This is a swindle - to teach poverty when you have promised riches. "So you judge a man poor who lacks nothing?" By his own merit, you say, and that of his endurance, not by Fortune's. Do you then refuse to judge him rich for the very reason that his riches cannot give out? Would you rather have much or enough? He who has much craves more, which is proof that he does not yet have enough; he who has enough has attained what never fell to the rich man's lot: a stopping point. Or do you suppose these are not riches simply because no one has been proscribed on account of them? because on account of them no son has forced poison on anyone, no wife on anyone? because in war they are safe? because in peace they are untroubled? because it is neither dangerous to hold them nor laborious to manage them?
"But he has too little who only just escapes cold, hunger, and thirst." Jupiter has no more. What is enough is never too little, and what is not enough is never much. After conquering Darius and the Indians, Alexander is poor. Am I lying? He searches for something to make his own, he ransacks unknown seas, he sends new fleets into the Ocean and bursts through the very barriers, so to speak, of the world. What is enough for nature is not enough for the man. Someone has been found who could lust after something more, when everything was his: so great is the blindness of minds, and so great, once a man has made his way, is each one's forgetfulness of his own beginnings. He who not long ago was the disputed master of an obscure corner is gloomy when, the limit of the lands having been reached, he must return through a world that is his own.

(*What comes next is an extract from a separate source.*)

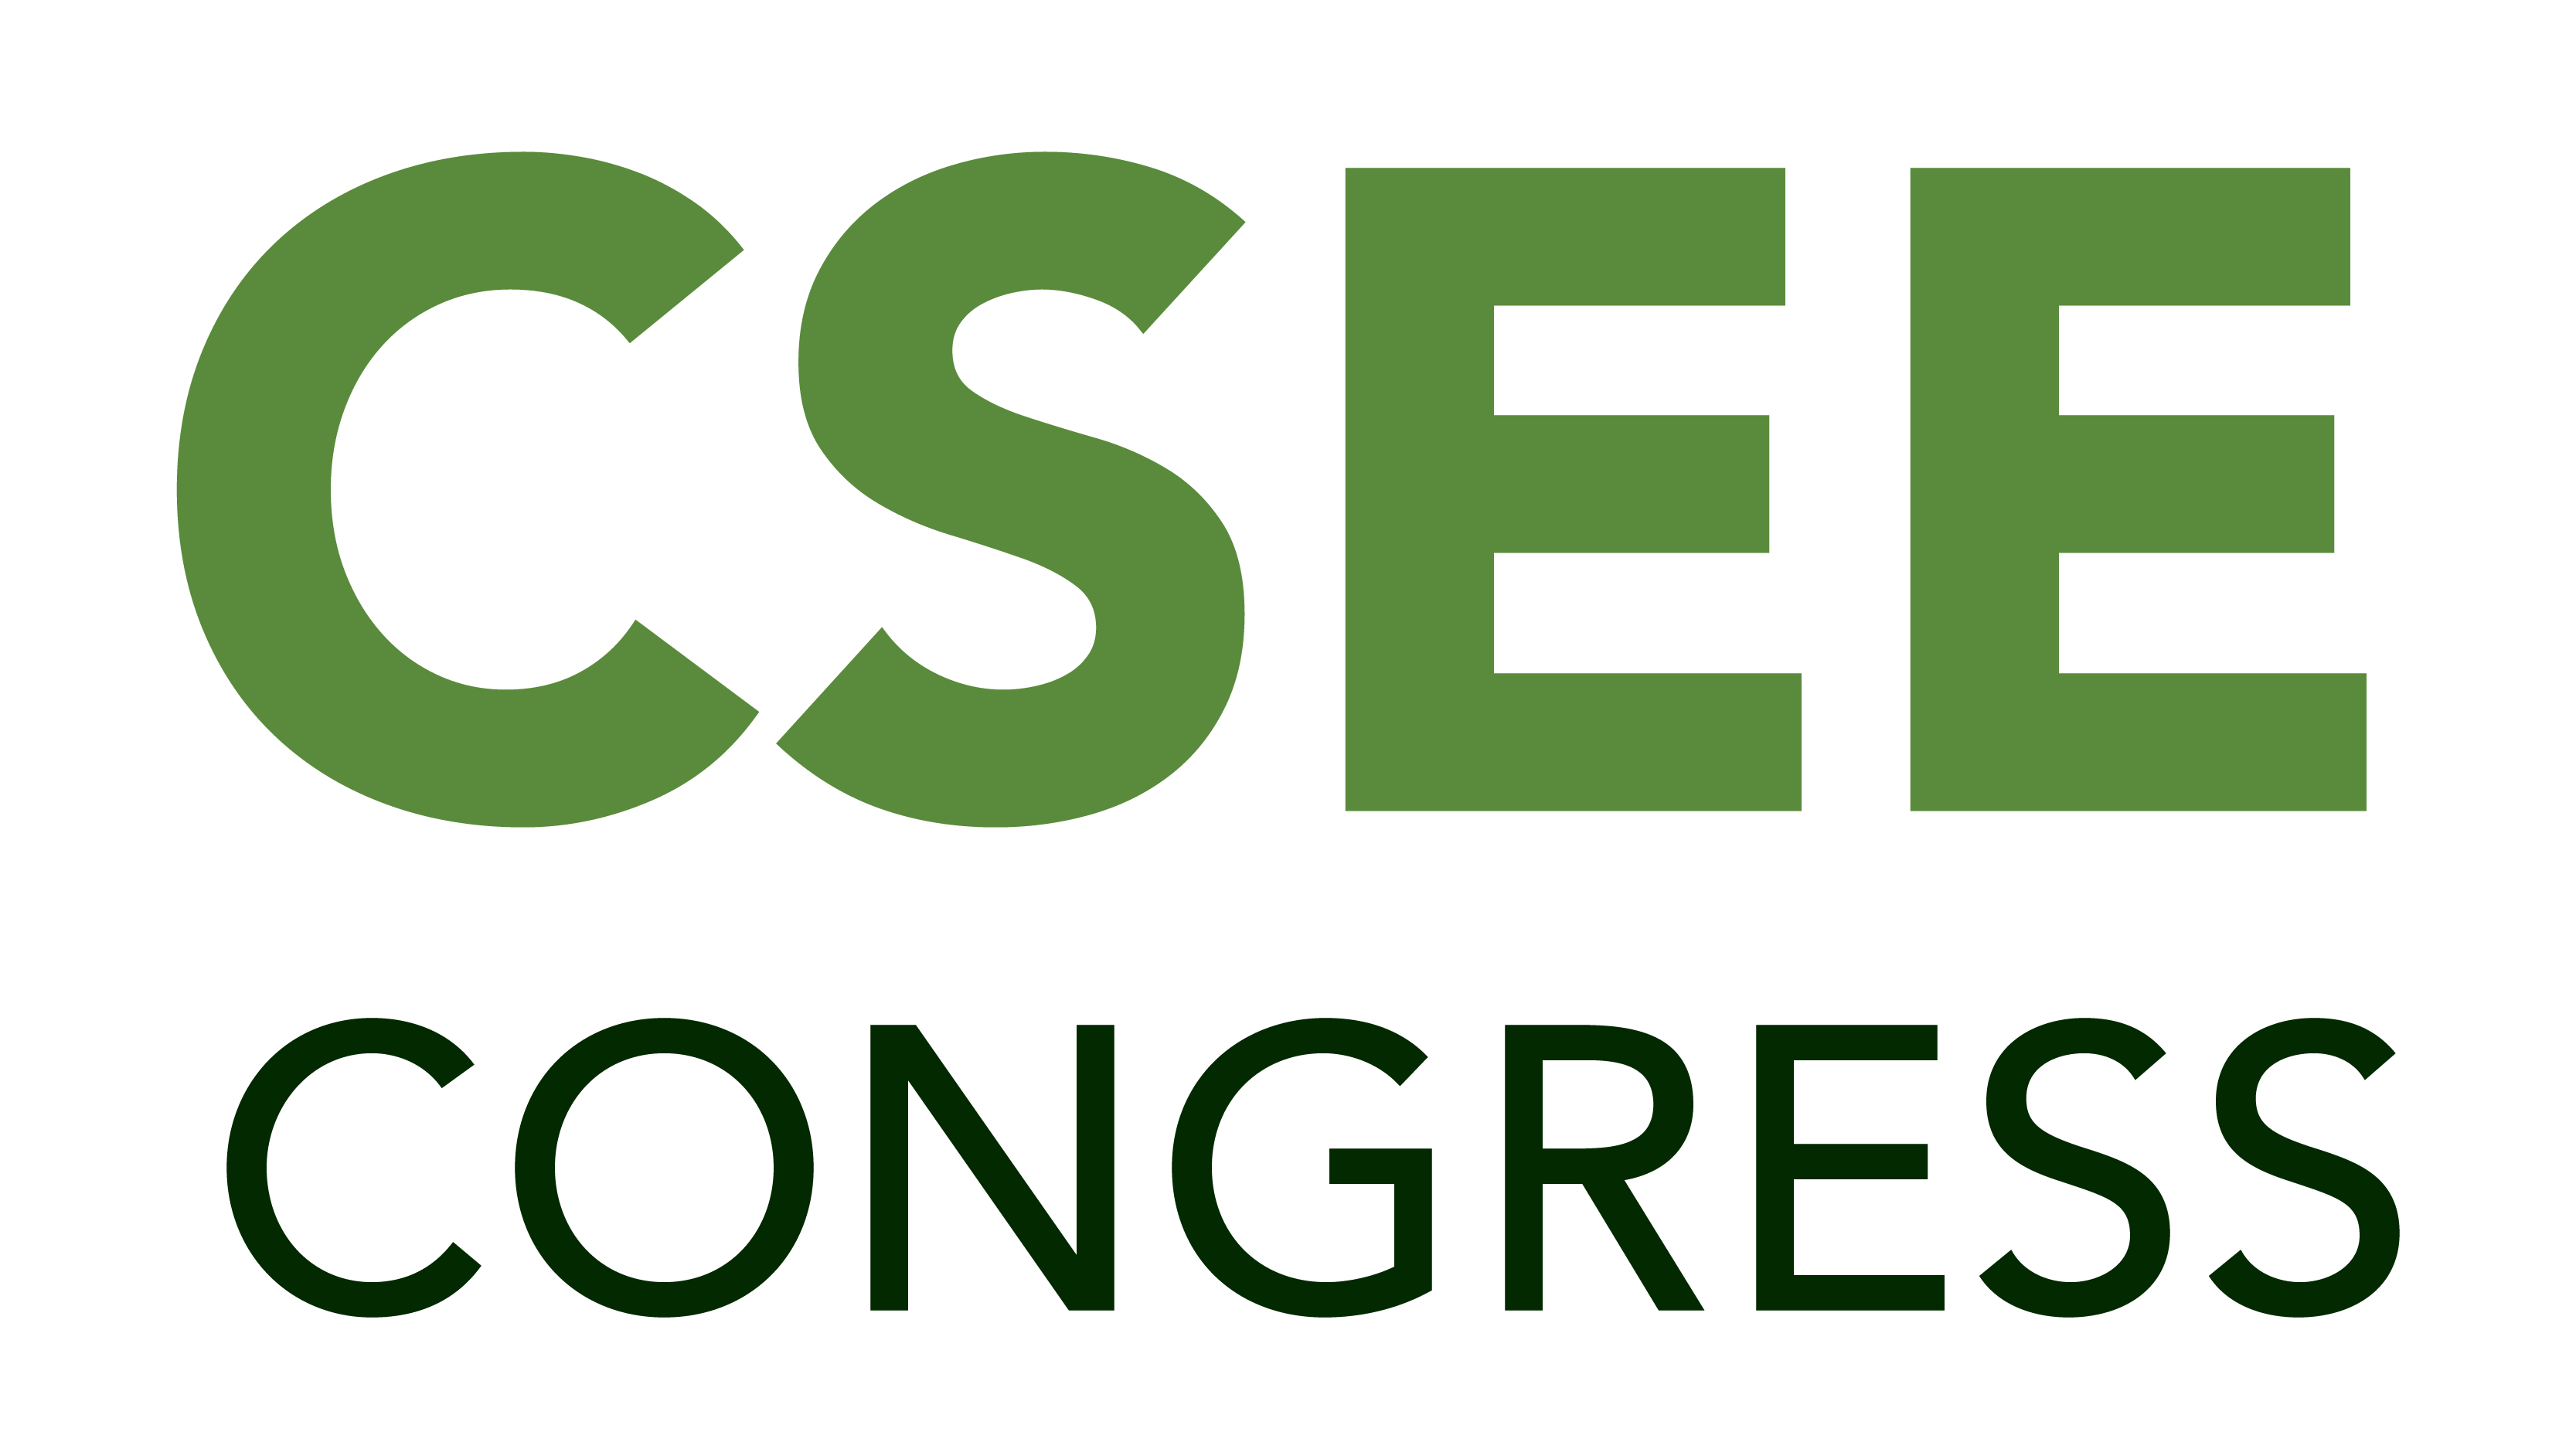 3rd World Congress on Civil, Structural, and Environmental Engineering, Budapest, Hungary, April 8 - 10, 2018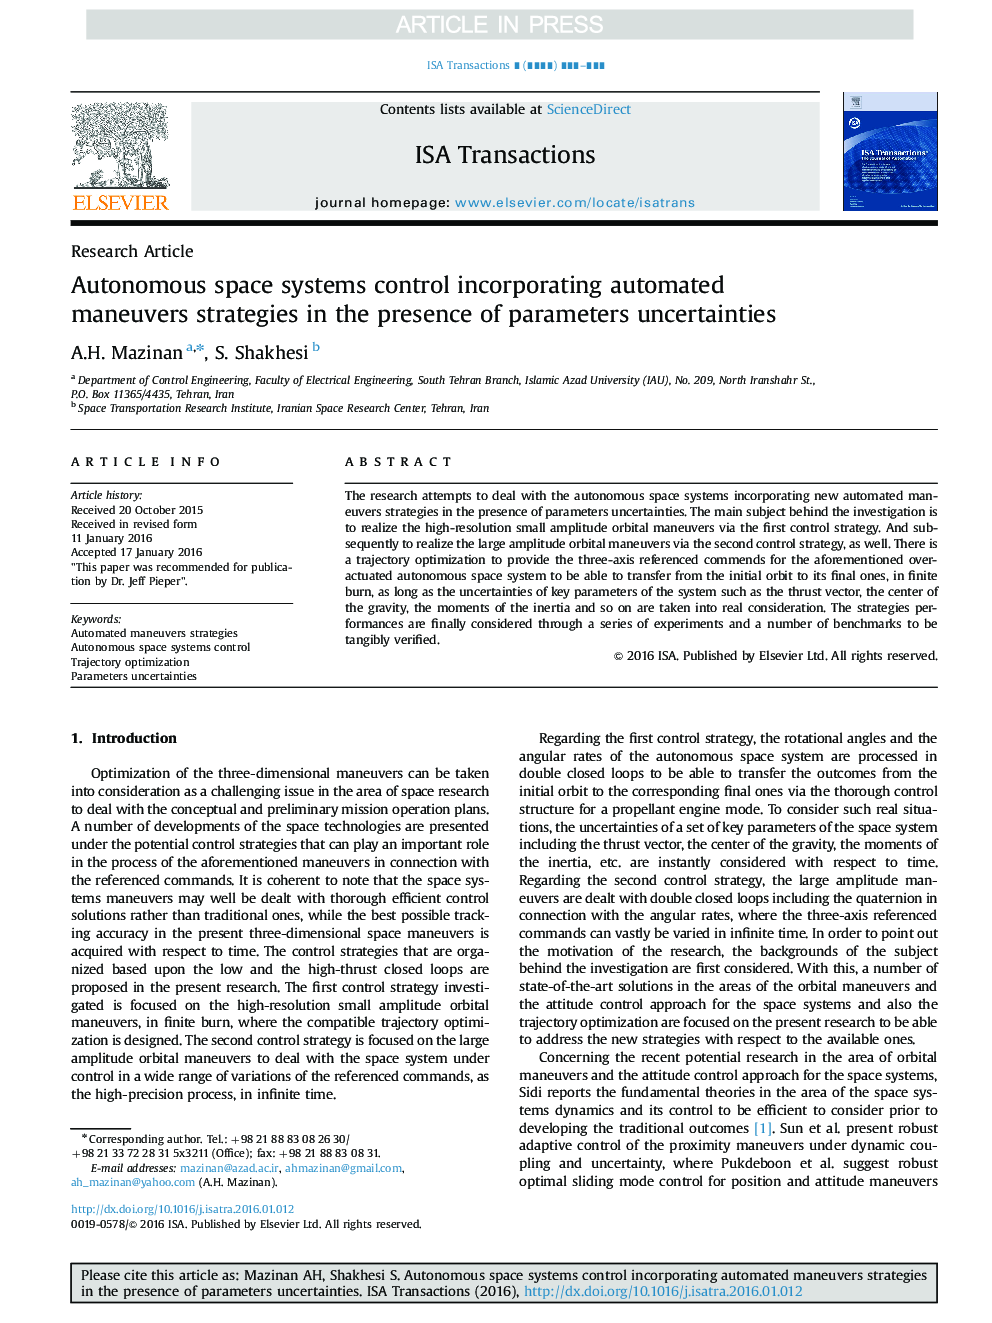 Autonomous space systems control incorporating automated maneuvers strategies in the presence of parameters uncertainties

Money has never made anyone rich; on the contrary, it has struck into everyone a greater craving for itself. You ask what the cause of this is? He who has more begins to be able to have more. To sum up: from those whose names are reckoned alongside Crassus and Licinus, drag forward into the open whichever one you please; let him bring his fortune, and let him add up at once everything he has and everything he hopes for: that man, if you trust me, is poor; if you trust yourself, he may become poor. But this man here, who has arranged his affairs to fit what nature requires, is not only beyond the feeling of poverty but beyond the fear of it. Yet, so you may know how difficult it is to confine one's means to nature's measure, this very man whom we have pared down, whom you call poor, has even something superfluous.
But wealth dazzles the crowd and turns it toward itself, if a great deal of cash is carried out of some house, if much gold is overlaid even on its roof, if the household staff is choice in physique or conspicuous in dress. The happiness of all such men looks outward, to the public; but that man whom we have withdrawn both from the people and from Fortune is blessed inwardly. For as for those in whom busy poverty has falsely usurped the name of riches, they have riches in the way we are said to "have" a fever, when in fact it has us. We are accustomed, on the contrary, to say "a fever holds him": in the same way we should say "riches hold him."
There is nothing, then, that I would rather have urged on you than this, of which no one is warned enough: that you measure all things by natural desires, which can be satisfied either for nothing or for little - only do not mix vices into your desires. You ask at what kind of table, with what kind of silver, by how well-matched and smooth-cheeked attendants the food is brought? Nature desires nothing besides the food itself.
Hunger is not ambitious; it is content to come to an end, and does not much care by what means it ends. These are the torments of an unhappy luxury: it looks for how it may be hungry again even after being full, how it may not fill the belly but cram it, how it may call back a thirst already laid to rest by the first drink. And so Horace splendidly denies that it matters to one's thirst from what cup, or by how elegant a hand, the water is served. For if you judge it to matter to you how long-haired the boy is, and how transparent the cup he holds out to you, you are not thirsty.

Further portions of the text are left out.